The boy takes the reins impassively and leading the horse into the yard, ties it off to a post.  He takes the reins of the other horses and repeats the process.   He nods in acknowledgement to Nado as the Hannathri flips him a ship.

"My name be Husgha Keil," he says walking across the hard-packed earth of the small courtyard.  A pair of double doors sits to the left and a single wooden door with a curved top lies ahead in the wall.  You follow the innkeeper inside and are pleasantly relieved by the warm gust of air and smell of cooking meat.  "Be seated my friends, while I fetch some _Haja_.   Ye've traveled far this day?" he asks.

The room you've entered is pleasant and well kept.  Perhaps a woman's touch has affected it.  It is a large common room with a number of long tables surrounded by simple wooden chairs.  A number of old, worn tapestries line the walls, most showing mountainous vistas.  One near the great fireplace which crackles with flame depicts a battle of some sort.  Horsed riders ride past a formation of scale-clad spearmen who fall to their arrows.


(1) _Haja_ is a fermented goatsmilk with honey added to sweeten it.  It is common in the westlands and though strong is quite refreshing.


----------



## Ulfghar (Nov 13, 2003)

"We've been in the saddle much too long for my liking.  It's nice to have my feet back on the ground, and even nicer to have a warm room to rest in" replies Ulfghar.

"What news do you have of the region?"


----------



## GreyOne (Nov 14, 2003)

"Hrmm," replies Keil.  He disappears in the back and momentarily returns with a tray of beaten bronze cups.  He carries a cylindrical jug in his other hand.  He sets about pouring four cups of the pungent brew.

"I've heard from merchants 'bout the Fal'juk of conflict in the Bausslauch.  Warlords and their petty feuds no doubt.  You've come from the south?  Surely ye've heard of such doings," he says, finishing the pouring.
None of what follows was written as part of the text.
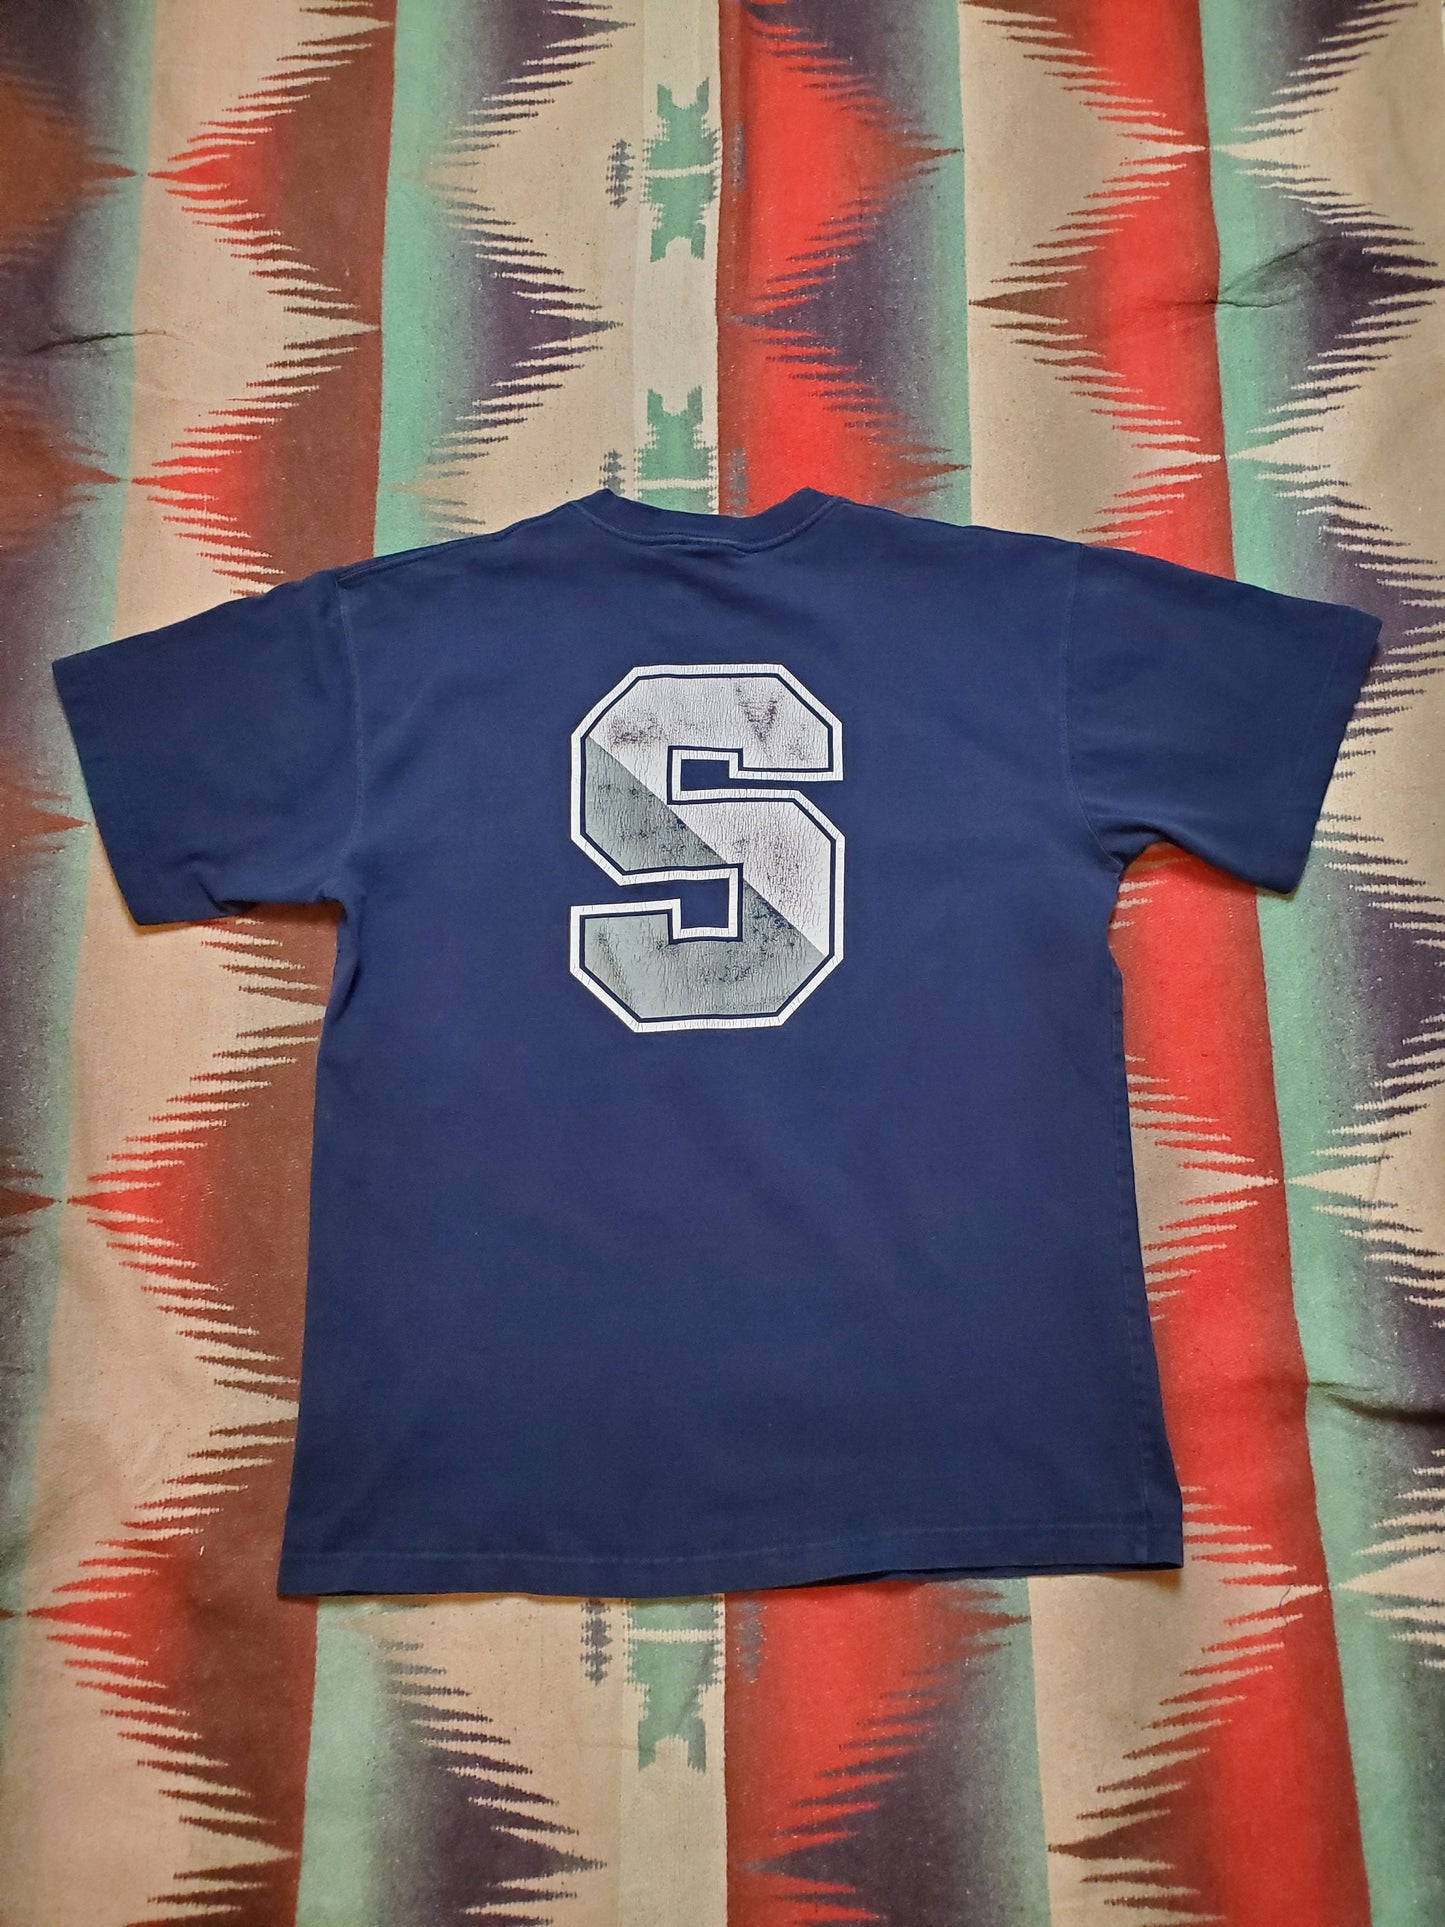 1990s/2000s Penn State University Oarsman T-Shirt Size L

"Actually, you lot are the first to be by this way in days.  You've all the look of strangers to the west.  Many of those about of late." His accent is strongly Engolthenic, but he speaks the trade tongue clearly enough.


----------



## Ulfghar (Nov 14, 2003)

"Why do you suppose there are so few visitors of late?"  askes Ulfghar


----------



## GreyOne (Nov 17, 2003)

"Oh, I don't know the answer to that friend.  The road has been quiet this season, though I expect it will pick up soon.   Trade must flow must it not?"  he sighs.  "With winter half a season away I expect it to pick up.  War to the southeast has doubtlessly affected the merchant trains from that direction.  Talk in the west of those Crone-spawned ...," he pauses abruptly at that, looking at you nervously.
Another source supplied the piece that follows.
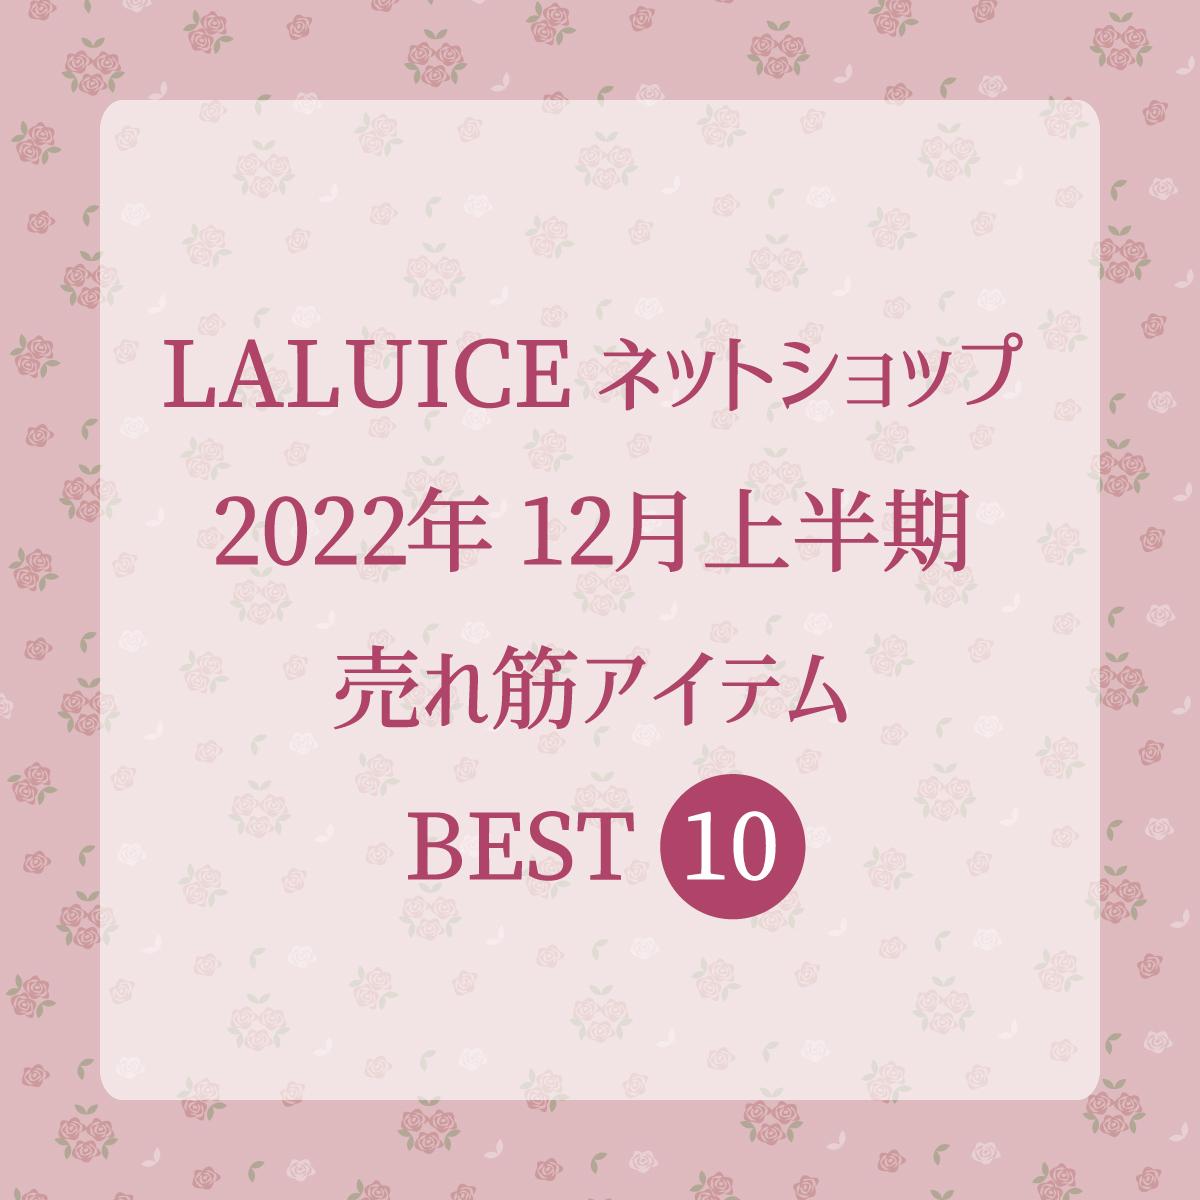 2022年12月上半期(12/1～12/15) LALUICEネットショップ売れ筋アイテム BEST10

"Hrm, well...I should see what's taking my plump wife with her stew," he says stumbling awkwardly before recovering and walking through the door in the side.


----------



## bragon gault (Nov 20, 2003)

"Before you go could you tell me just what this talk in the west is all about?  We've been afield as of late and I've not heard any talk of it"


----------



## GreyOne (Nov 20, 2003)

Keil pauses in the doorway, turns and says, "My mistake, masters, no talk, just whispers, nothing to concern you with."  With that he turns and moves into what is presumably the kitchen.  You hear low-cast voices on the other side, one obviously a woman's.
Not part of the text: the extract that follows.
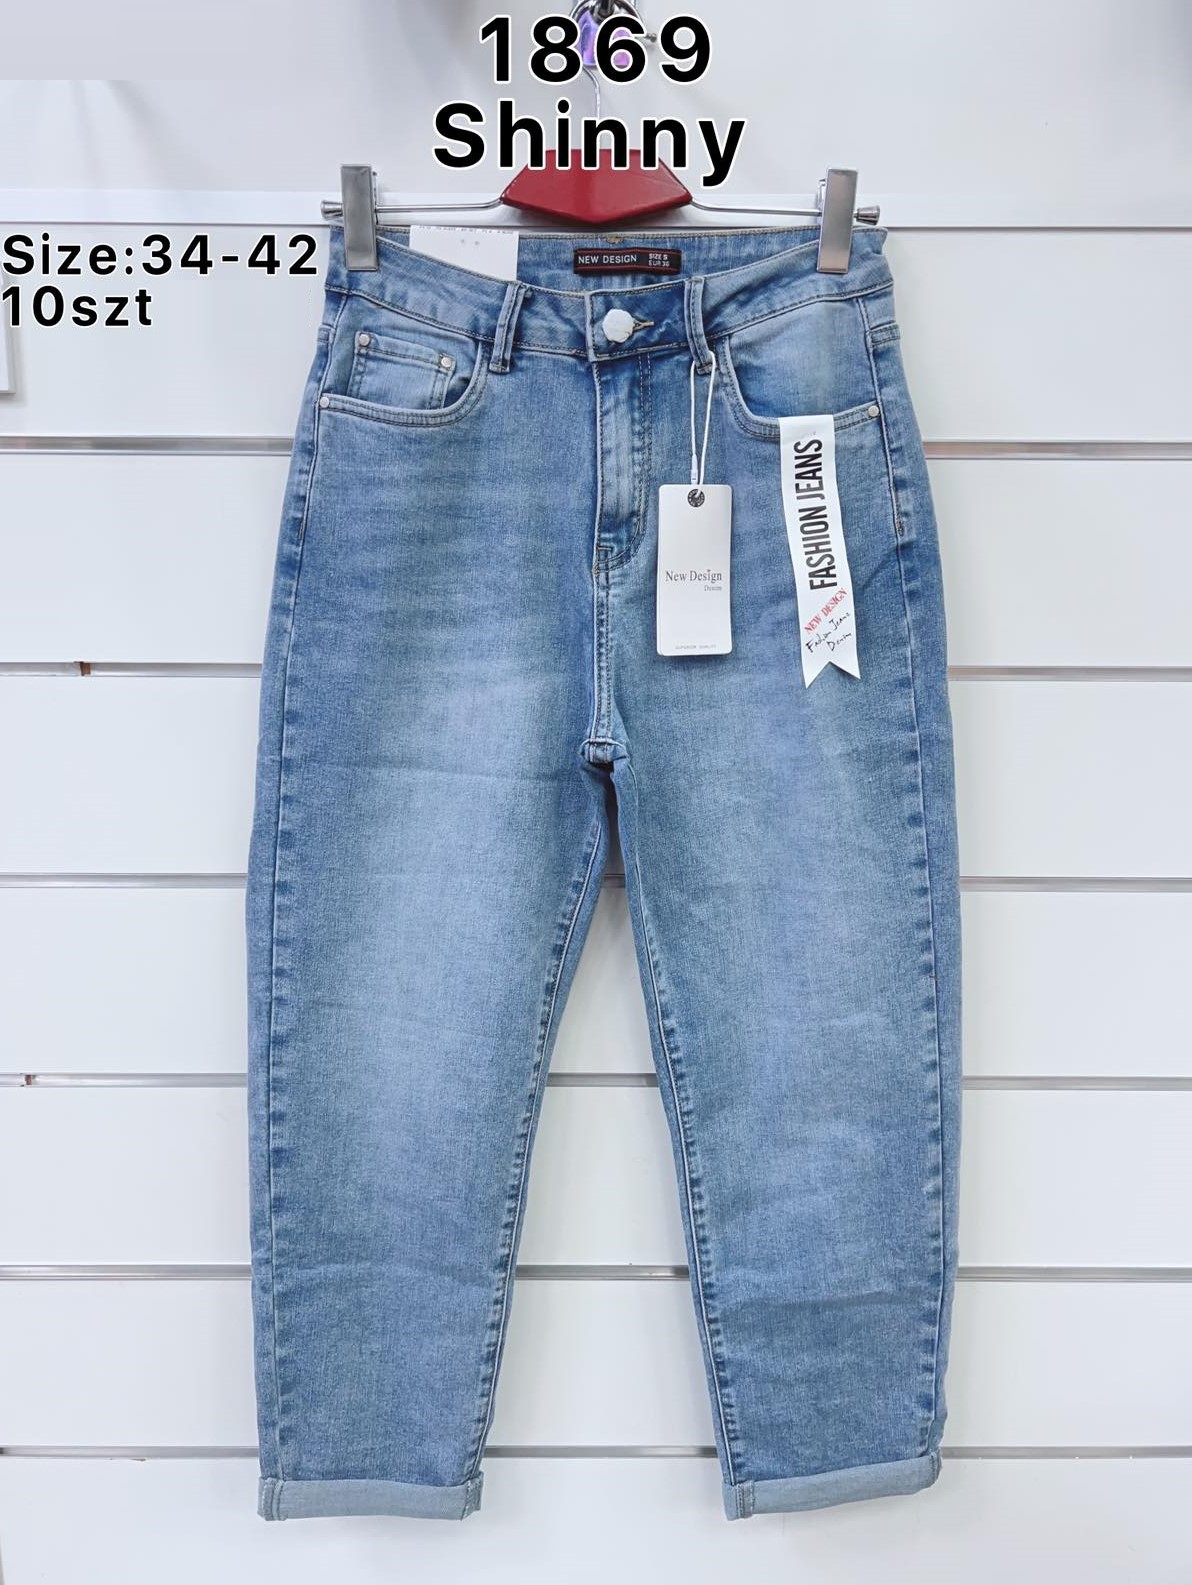 Spodnie  damskie jeans Roz  34-42.  1 kolor . Paczka 10szt

Nado leans forward, his face shrivelling up like a raisin with the bitter taste of of the Haja."My friends, you hear not the fear in his voice.  You also hear not his words.  He talks of strangers, outlanders about, of late.  Outlanders perhaps like us?"


----------



## Ulfghar (Nov 21, 2003)

"Do you think we are unwelcome here Nado?"  asks Ulfghar

"Perhaps we should not linger here long.  It may be prudent if we also take a look around before we move on.  Keil seems wary and also appears to know more than he is saying.  I have an uneasy feeling."  states Ulfghar


----------



## fintain (Nov 26, 2003)

I agree that the situation doesn't seem ideal, but another night in the rain doesn't sound too appealing either. Perhaps we may be able to find someone who will be a bit more conversational.


----------



## GreyOne (Nov 26, 2003)

Keil reappears shorty carrying four bowls and spoons.  He's followed by a strong-looking woman dressed in a rough spun green dress with Bausslauchi animal glyphs across the bodice.  Her raven hair is tied back with a bronze hair pin.  Her features are stern but the wrinkles about her eyes show a face used to smiling.   She carries a large pot across to the table, a delicious aroma emanating from within.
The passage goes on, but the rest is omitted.